L'article 3 s'exprime en ces termes :

« Article 3. Les lettres du poids de 7 grammes et demi jusqu'à 10 grammes exclusivement paieront la moitié en sus du port de la lettre simple;

«Les lettres de 10 à 15 grammes exclusivement paieront deux fois le port de la lettre simple;

« Celles de 15 à 20 grammes exclusivement, deux fois et demie le port, et ainsi de suite, en ajoutant la moitié du port de la lettre simple de 5 en 5 grammes.

« Ces taxes continueront d'être perçues en décimes, et sans fractions de décime, ainsi que cela est réglé, par le cinquième paragraphe de l'article 7 de la loi du 27 frimaire an VIII (18 décembre 1799). »

M. le comte de Tournon observe que, jusqu'à ce jour, et aux termes de la loi de l'an VIII, l'excédent de poids entre sept et dix grammes ne donnera lieu qu'à une augmentation d'un décime sur la taxe de la lettre simple. Le projet, au contraire, en fixant à un demi-gramme de plus le poids de la lettre simple, porte qu'à partir de 7 grammes et demi jusqu'à 10 la taxe de la lettre sera d'une moitié en sus; augmentation qui, dans certains cas, peut s'élever jusqu'à 6 décimes. Il y aura donc dans le système nouveau plus d'intérêt que dans le système ancien à ce que le poids de la lettre, lorsqu'il excède celui de la lettre simple, soit constaté d'une manière exacte et qui ne puisse donner lieu à aucune surtaxe. Le noble pair demande quelles sont les mesures prises pour prévenir tout abus à cet égard?

M. le marquis de Vaulehier, conseiller d'Etat directeur général des postes, commissaire du roi pour la discussion du projet, expose que le cas où un abus serait possible sera nécessairement très rare, à raison de la fixation nouvelle du poids de la lettre simple, d'autant plus que cette fixation comprend, ainsi qu'on s'en est assuré par des expériences nombreuses et faites avec le plus grand soin, non seulement toutes les lettres simples sur quelque papier qu'elles soient écrites, mais encore les lettres renfermant un effet de commerce sur papier ordinaire. Le mode adopté pour la vérification du poids est le seul dont on puisse user en pareille matière, quelle que soit d'ailleurs la limite. La lettre est placée dans l'un des bassins d'une balance, et le poids de sept grammes et demi dans l'autre, et suivant que l'un ou l'autre bassin l'emporte, la lettre est considérée comme lettre simple ou soumise à l'augmentation de taxe.

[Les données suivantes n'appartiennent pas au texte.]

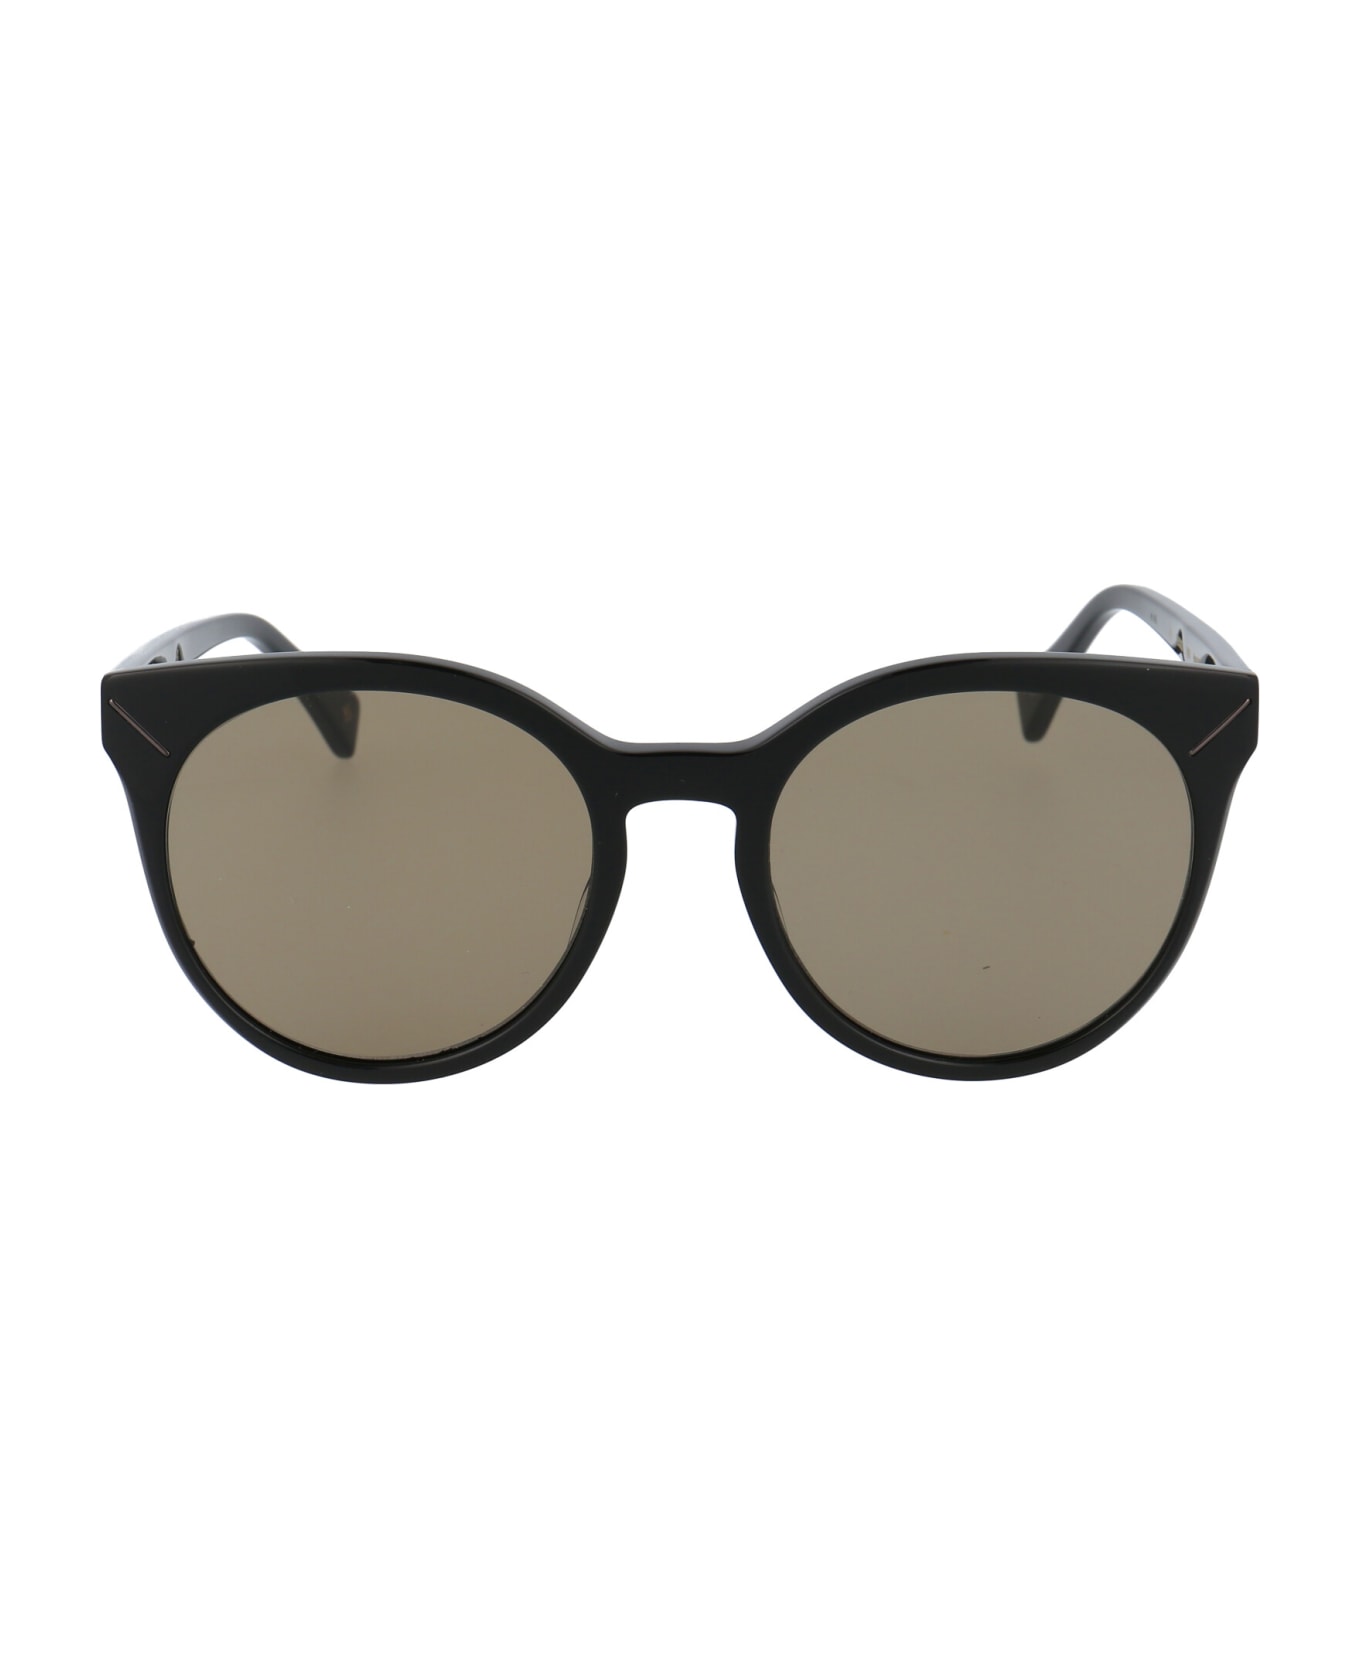 Yohji Yamamoto Ys5003 Sunglasses - 001 BLACK
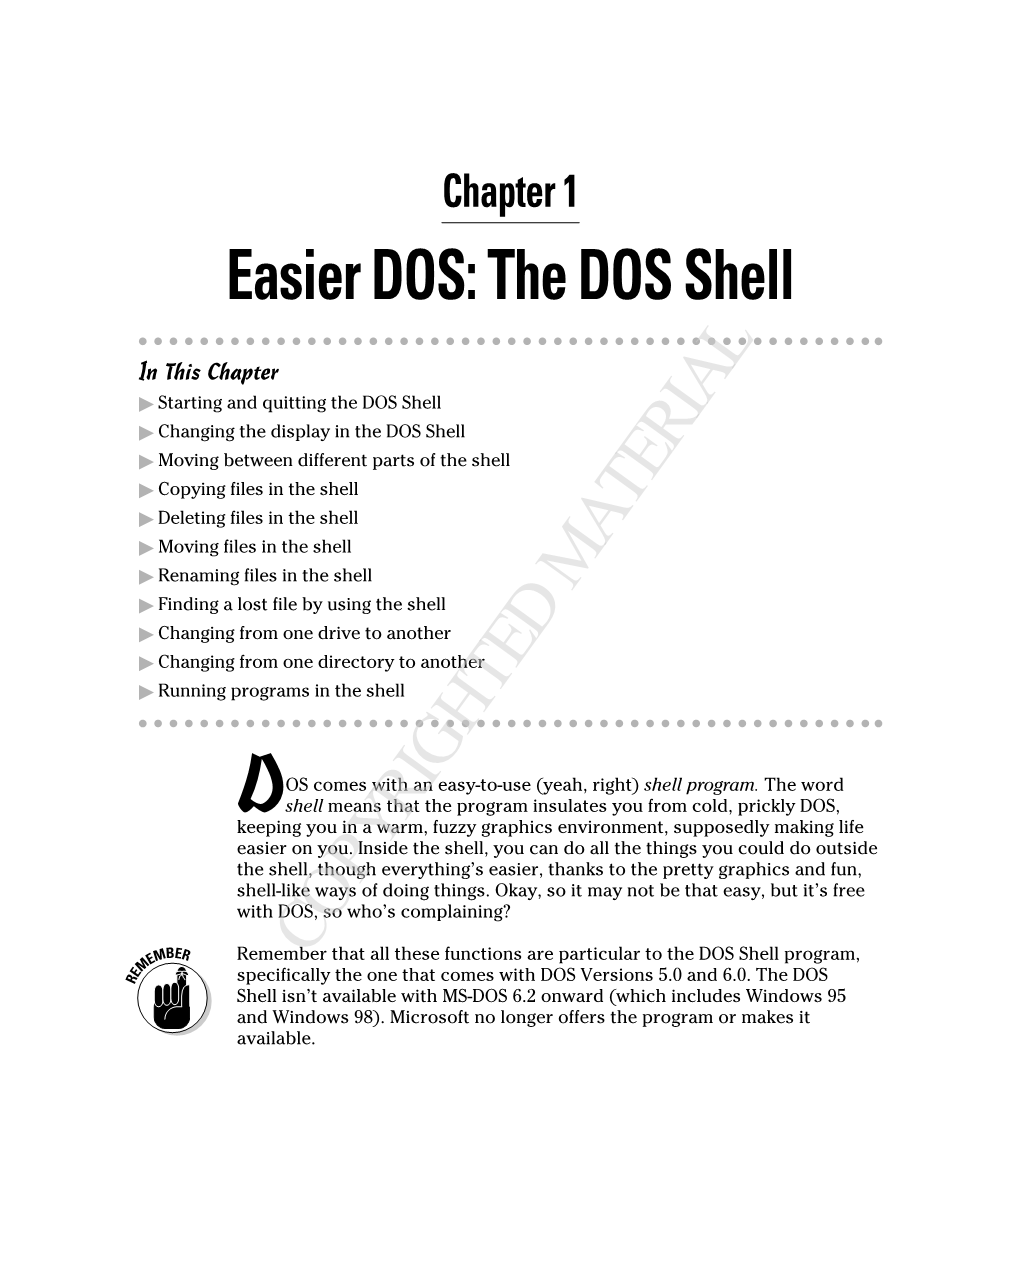 Easier DOS: the DOS Shell

M. le comte de Tournon insiste et demande si, en cas de réclamation ou de plainte de la part des particuliers, les autorités locales, les maires par exemple, auraient le droit de procéder à la vérification des poids et des balances, et quelle serait l'autorité devant laquelle les parties lésées devraient se pourvoir pour obtenir justice?

M. le marquis de Vaulchier déclare que les poids destinés au pesage des lettres sont envoyés à chaque bureau de poste par l'administration générale, qui prend toutes les mesures nécessaires pour en constater l'exactitude. Aucune erreur n'est donc possible. Aucune plainte n'a jusqu'ici été faite; aucune plainte n'est parvenue à la direction générale; et s'il pouvait s'en élever à

l'avenir, les particuliers auraient, pour faire valoir leurs droits, les mêmes garanties qui leur appartiennent aujourd'hui.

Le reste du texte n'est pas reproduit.